A researcher recruited with a CPRIT grant to one of the institutions in Davis’ district backed out because of the moratorium, she said, while another “had a whole research team move to Texas and they’re just waiting in limbo.”

Dr. Adam Kuspa, the senior vice president of research at Baylor College of Medicine in Houston, said CPRIT grants have been critical in attracting scientists to Texas and developing infrastructure for biotechnology labs, both of which are long-term benefits to the Texas economy.

Baylor, for example, has recruited seven nationally recognized cancer researchers with CPRIT grants, but three of them are on hold because of the moratorium, Kuspa said.

“They chose to come here because we were able to offer them a substantial kick-start to their career through the CPRIT award,” Kuspa said. The prospect of being able to apply for additional CPRIT grants for research was also enticing, he said, “so there’s a little bit of angst around whether that will be available to them going forward.”

If the moratorium is not lifted, Baylor will have to divert money from other projects to keep its financial promises to the new recruits, Kuspa said, which could slow the institute’s overall research progress.

The state Legislature’s initial budget proposal for the 2014-15 biennium reduces CPRIT’s financing from $300 million to $10 million — the bare minimum to meet existing obligations. But lawmakers are considering measures to reform the institute, and some are optimistic that financing could be restored before the end of the legislative session.

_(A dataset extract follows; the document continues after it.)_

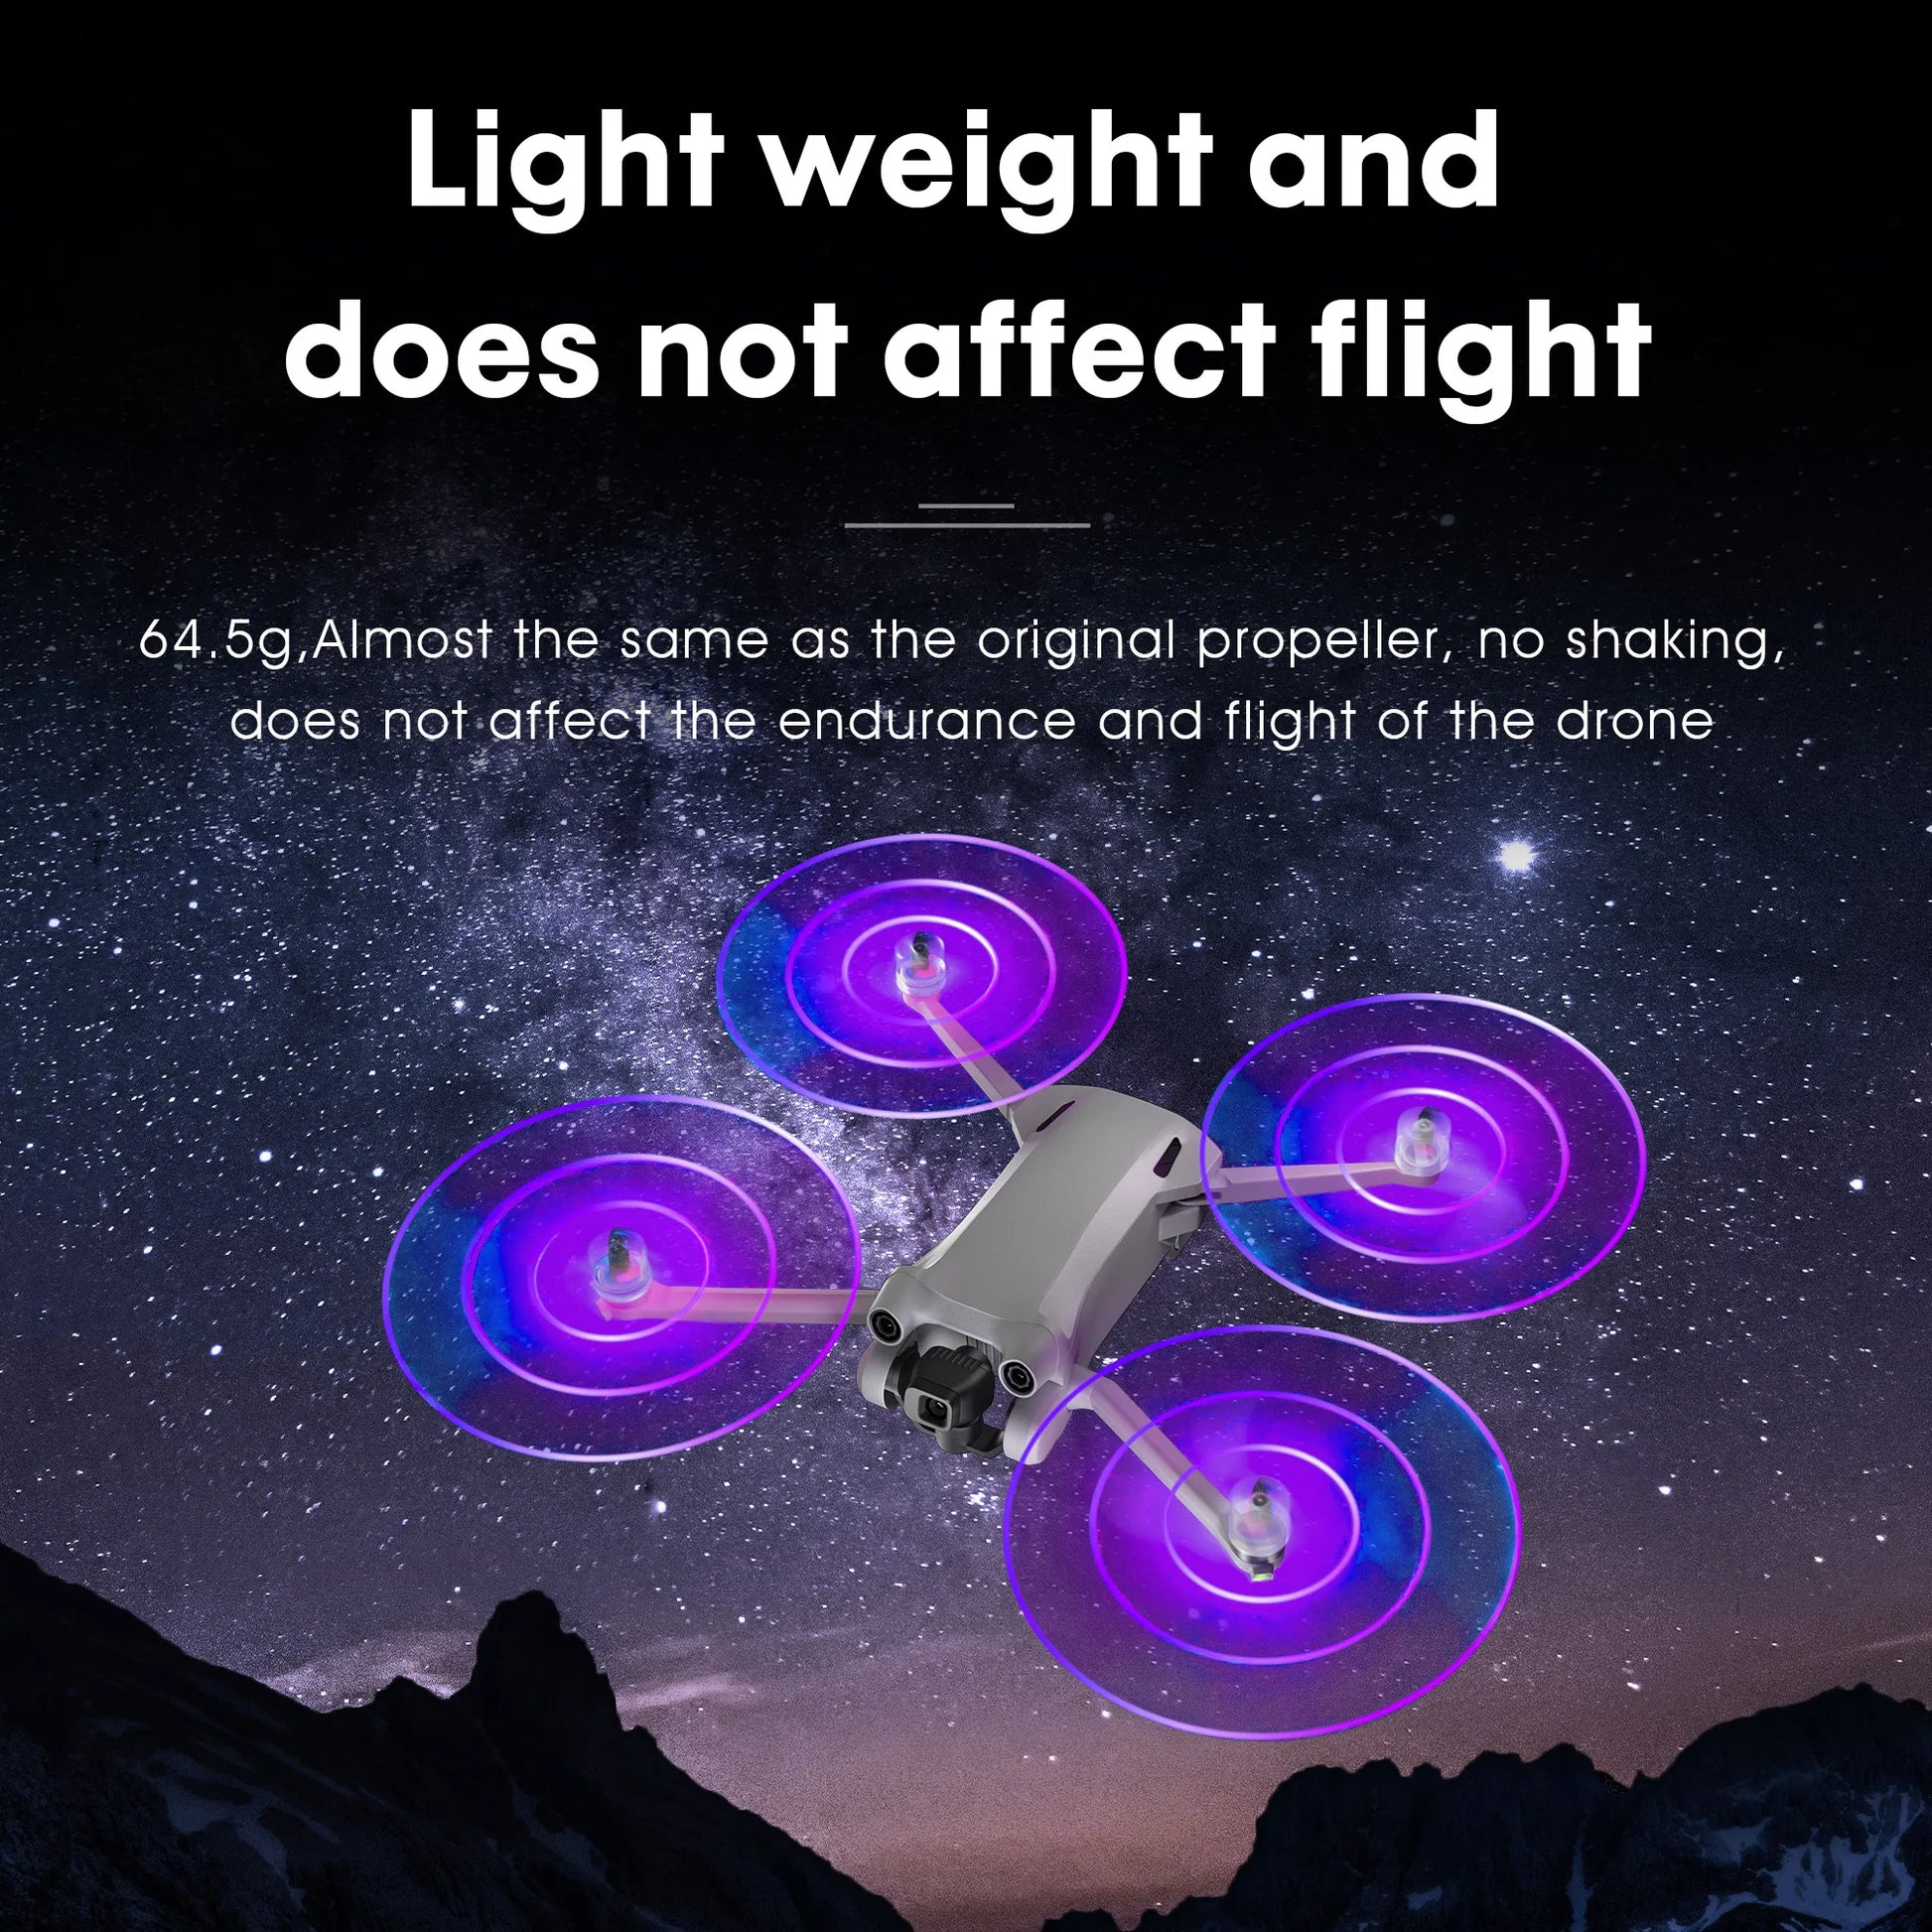 LED Light Flash Propeller, light weight and does not affect flight 64,5g, almost the same as the original propeller

“What I’m hearing from the members is, ‘Mend it, don’t end it,’” said Wayne Roberts, the associate vice president of public policy at the University of Texas Health Science Center in Houston, who was appointed as CPRIT’s interim executive director in December.

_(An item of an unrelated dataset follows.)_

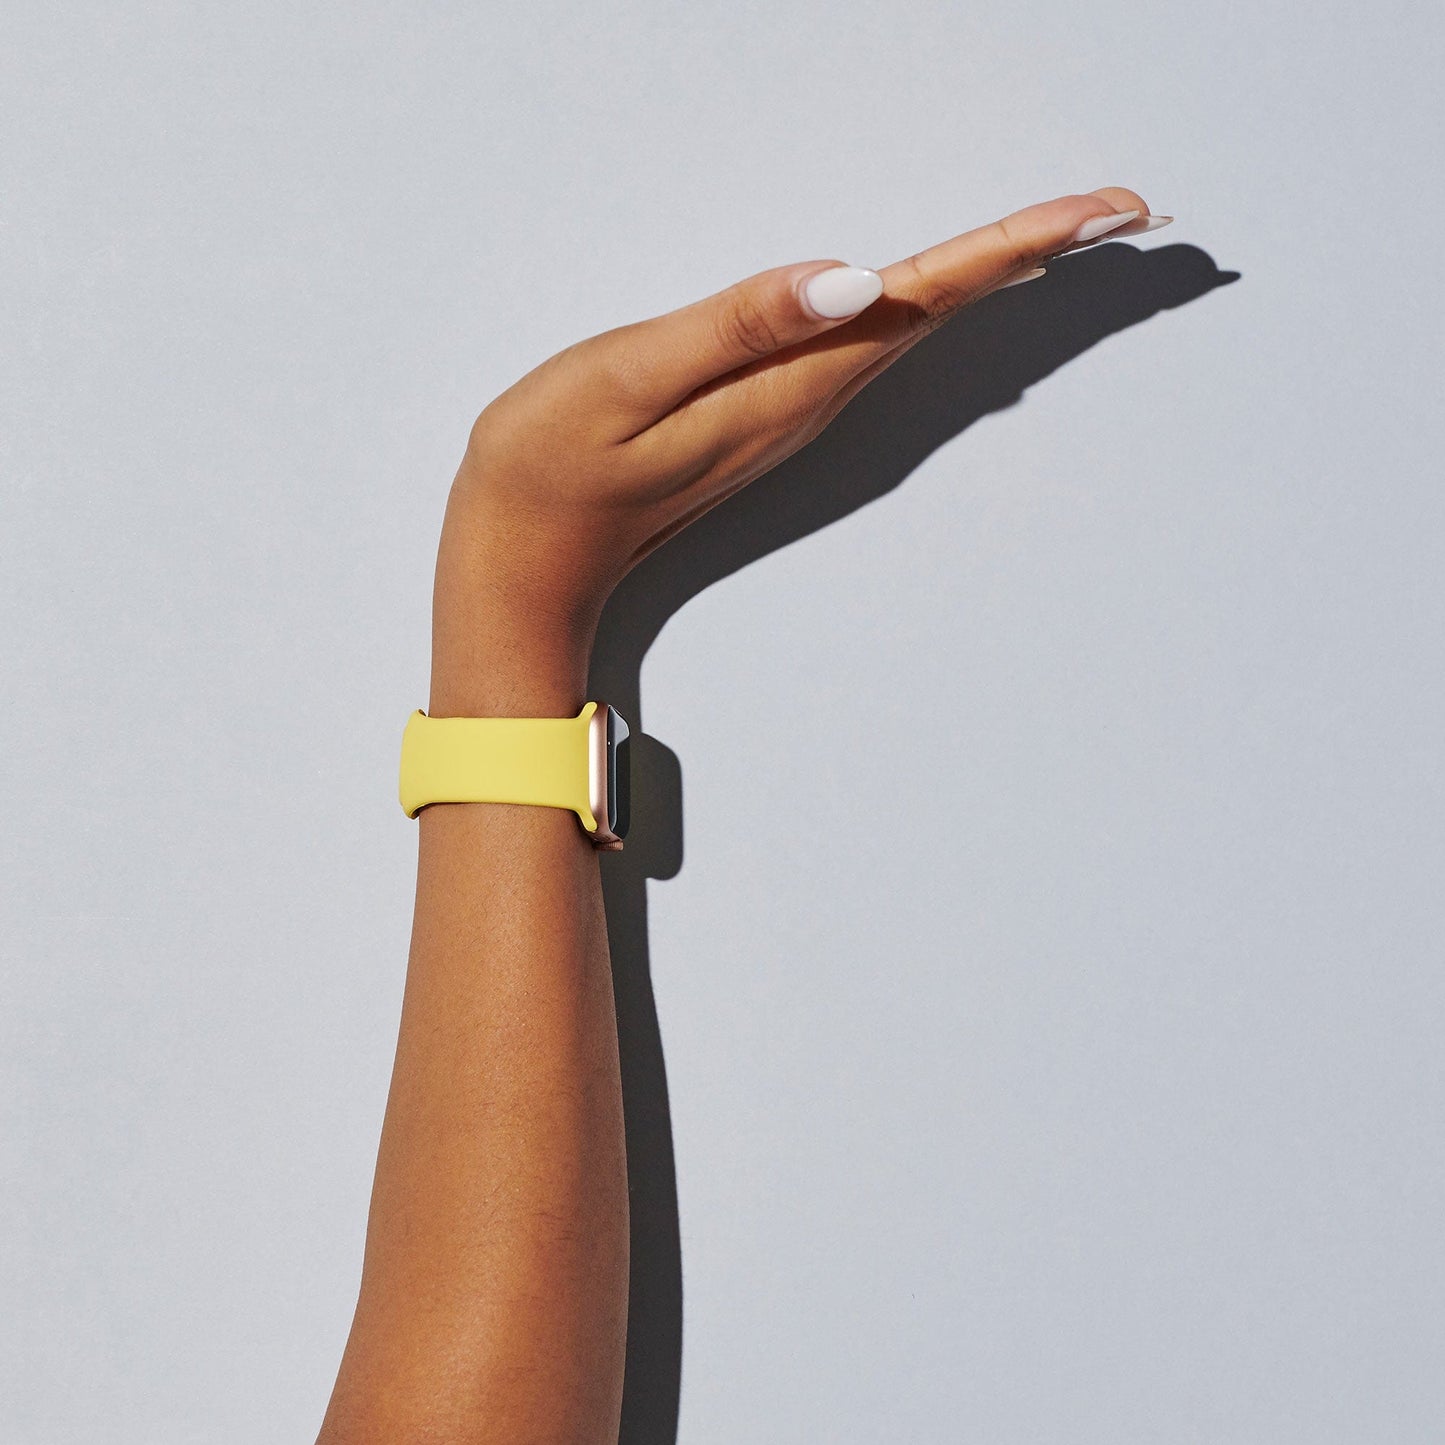 Canary Yellow Sport Band for Apple Watch

CPRIT’s rescue team — which also includes a fiscal consultant, Billy Hamilton, the state’s former chief revenue estimator, and a chief scientific officer, Margaret Kripke, the former executive vice president at the M.D. Anderson Cancer Center in Houston — is reviewing past grant applications and carrying out recommendations from state auditors while awaiting further direction from the Legislature.

Roberts said he would not recommend lifting the moratorium or requesting additional financing from the Legislature until CPRIT had “made inroads in regaining their trust.”

The institute’s grant review processes “are only as good as the people implementing them,” he said, “and if they don’t follow them, things go off track.”